We have a free period before dinner. Eveia is talking about playing the videogras again when Wick comes up behind us.

"Hey Nadia, I'd watch out for Anders." Wick's lowered voice is urgent. He speaks quickly. "He was just talking about making you his, whatever it takes."

"What does that even mean?" Eveia laughs, but I don't.

It feels like a knot of ice and metal has settled in my stomach. Whatever Anders means by it, it can't be good.

"Thanks, Wick. I'll keep an eye out." I glance around, but don't see Anders anywhere in the lounge.

Still, I have a hard time joining in with Eveia and Wick's game, even though they've finally chosen the karaoke one. I can't keep my mind from worrying about Anders, or my body from shivering away the creepy feeling he elicits. After only a few songs, I get up from the couch.

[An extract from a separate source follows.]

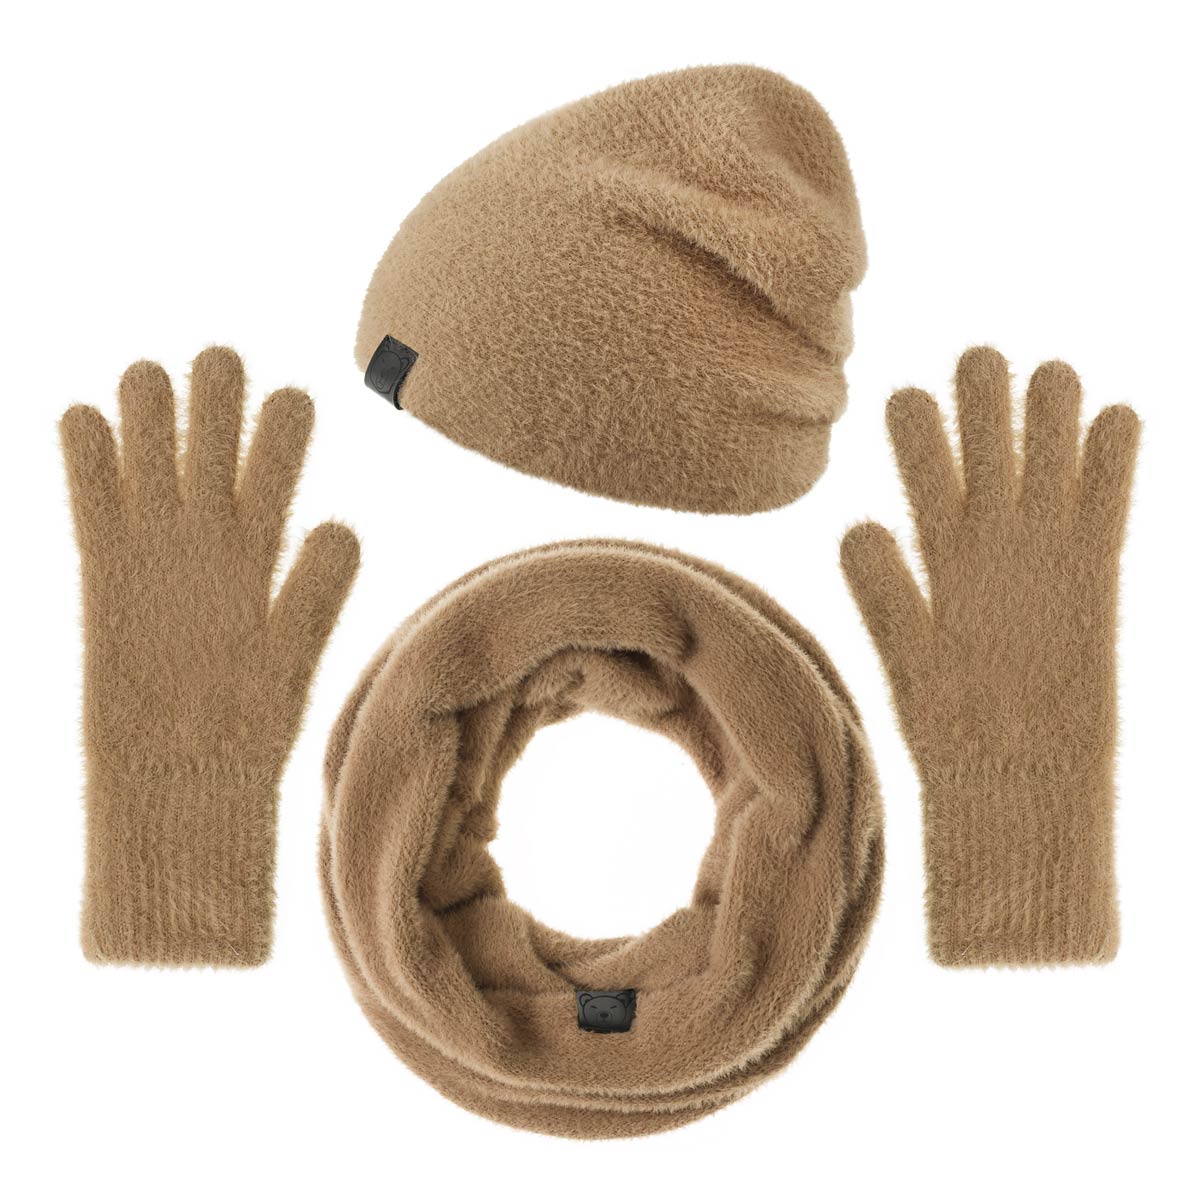 PK-00139_F12-1--_Ensemble-hiver-bonnet-snood-gants-marron-clair

"I'm just going to head back to the room and freshen up before dinner," I say. It would be nice to get my five-minute hot shower, and this way I'll be able to reapply the scar serum in peace.

Wick pulls his eyes from the duet he's singing with Eveia. "Remember what I said."

I wave away his concern. "Anders's not going to break onto my floor; I'll be fine."

Besides, I think I've spotted him across the room. At least, the back of that guy's head is identical to Anders's.

When I round the stairwell to the landing of F2, I realize I was very wrong.

Wrong about the guy in the lounge.

Wrong that Anders wouldn't snoop on my floor.

He's leaning outside the entrance to F2, twisting a ring on his left pointer finger.

"I looked for you in your room, but you weren't there," he says, then pushes off the wall.

"Why would you do that? Stay out of my room." My stomach is white-hot, and it feels like my veins are full of lead. I'm frozen, and once I recognize it's out of terror, my heart slams against my breastbone.

"Come on," Anders drawls. "You know what I want."

I scoff. "Don't be a Ken." I hope the term will offend him like it did Wick.

He does seem taken aback, but not like I'd hoped. He snickers. "I'm not looking for a long term relationship, princess. And it's not about me wanting what I can't have because..."

His tongue rolls the hoop through his lip before he finishes his sentence. "I always get what I want."

I am so revolted I almost vomit; I wish I could vomit, but nothing comes up. I debate calling for help, but the stairwell is deserted.

Besides, who would rush to my aide? My friends are too far below us to hear; no one else here cares about me. They'd all probably think I had it coming, that it served me right for being Viry in a Kuzabn compound.

Anders steps toward me. I trip backwards down the stairs, but he grabs my arm and pulls me to him before I can fall.

"Let me go." I struggle against his hold, but he slams me against the wall, his grip holding my right arm over my head, my left hand wedged uselessly against his chest. I try to push, but he's too strong.

"Stop trying to fight the inevitable."

I do cry out then; it's mostly instinctual, but there's also a tiny hope someone nearby does care enough to intervene. No footsteps rush to my rescue, and Anders's mouth smothers mine before I can yell again. I try to pull back, to twist my head away, but he's got me crammed tight. With his free hand, he trails his fingers up my ribcage and over my breast. Every attempt I make to throw him off me is pathetic; even after a week of training, I'm not strong enough to take on a man nearly twice my size.